■ WHAT IS EXPECTED ■
As the answer, give exactly the lines of the records below from the one with "Savers-IconWordmarkTagline-CMYK.png" through the one with "Coup of coffee large mug - Stock Image", ends included and pictures left out.

■ TASK MATERIAL ■
══════

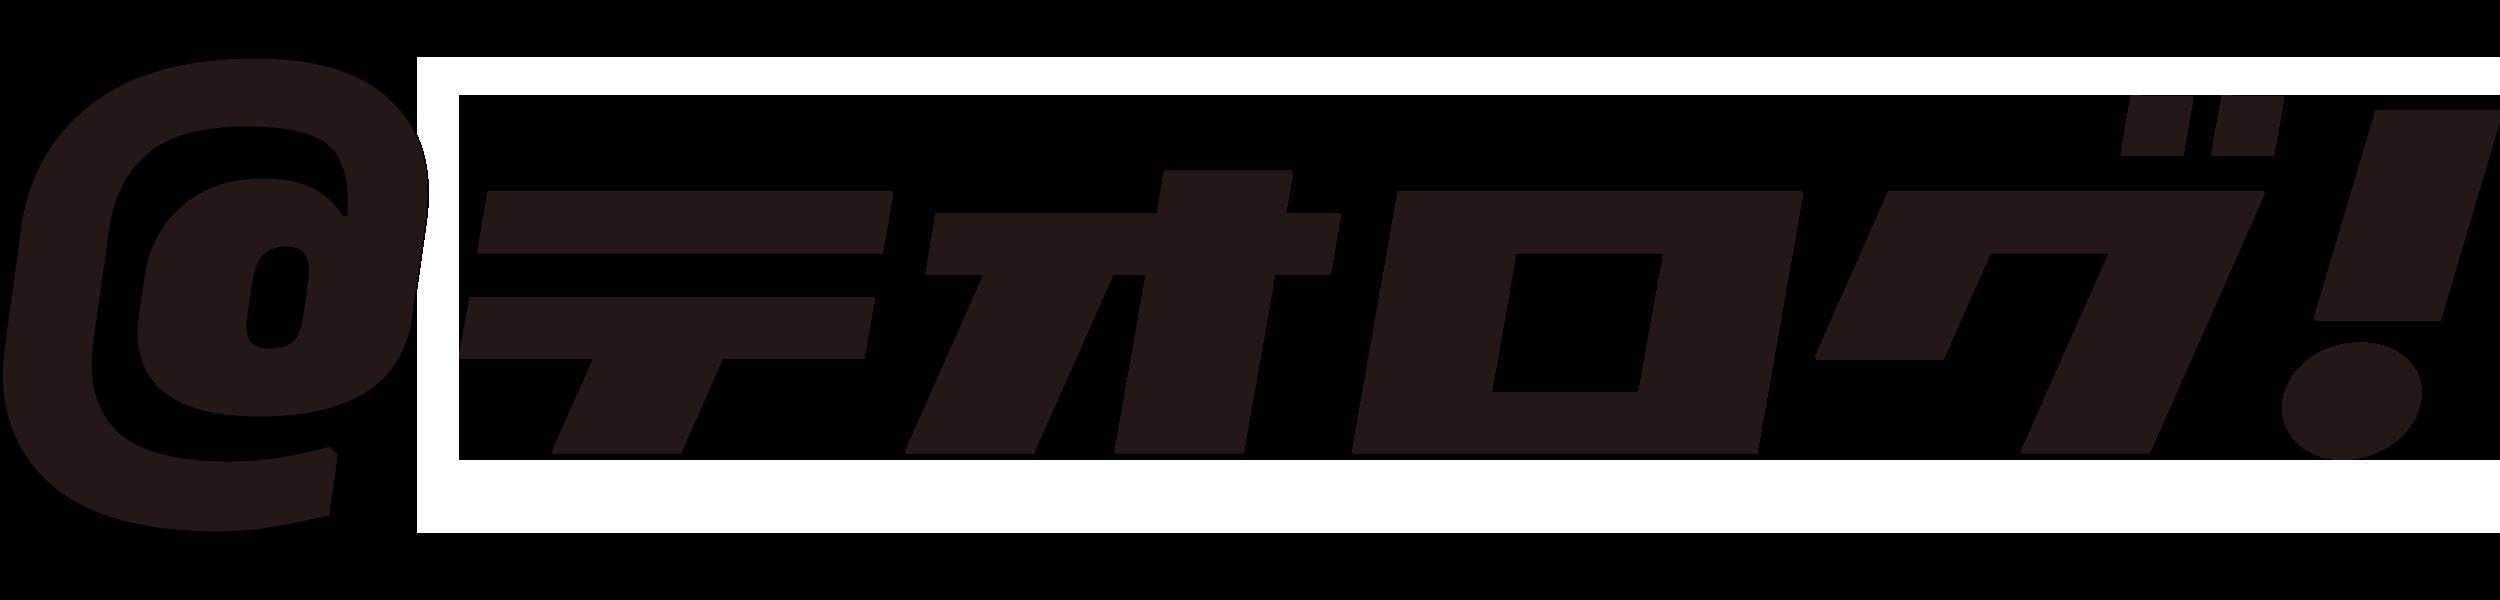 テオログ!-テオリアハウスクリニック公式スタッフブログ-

══════

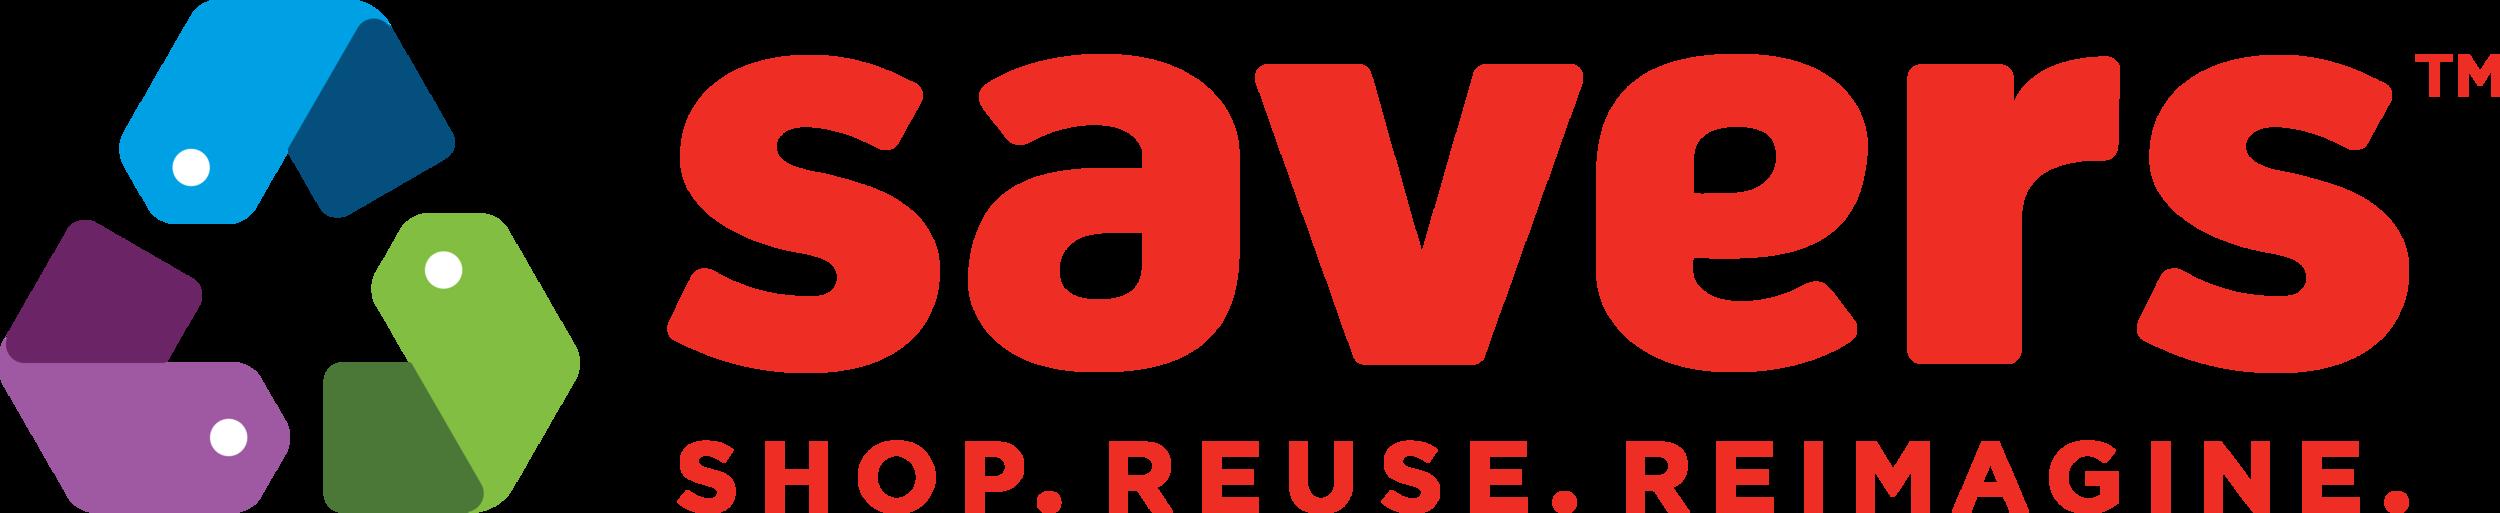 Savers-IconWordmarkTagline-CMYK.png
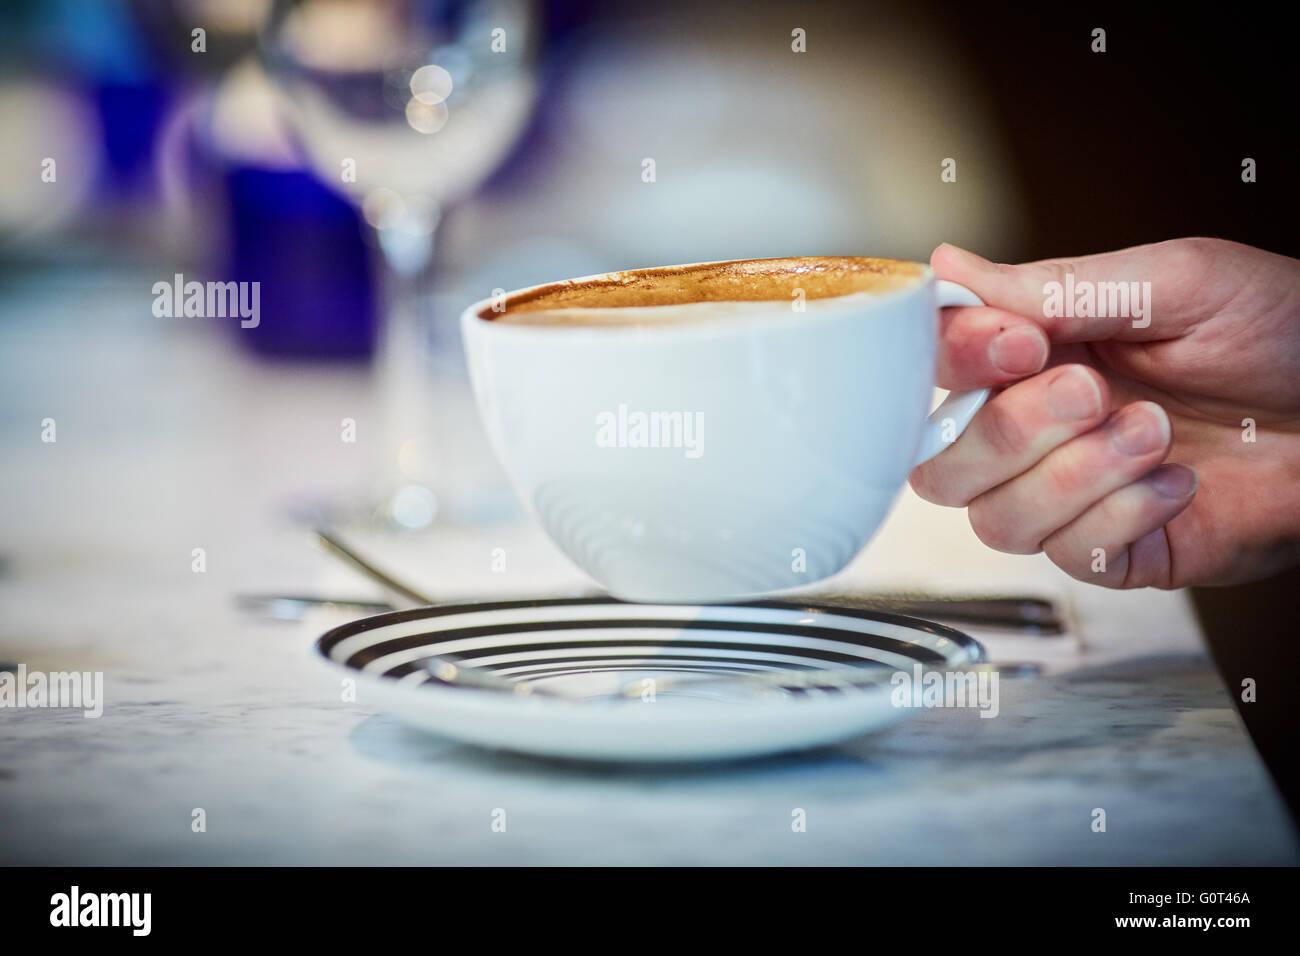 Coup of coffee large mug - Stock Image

══════

■ WORKED SOLUTION ■
 Savers-IconWordmarkTagline-CMYK.png
 Coup of coffee large mug - Stock Image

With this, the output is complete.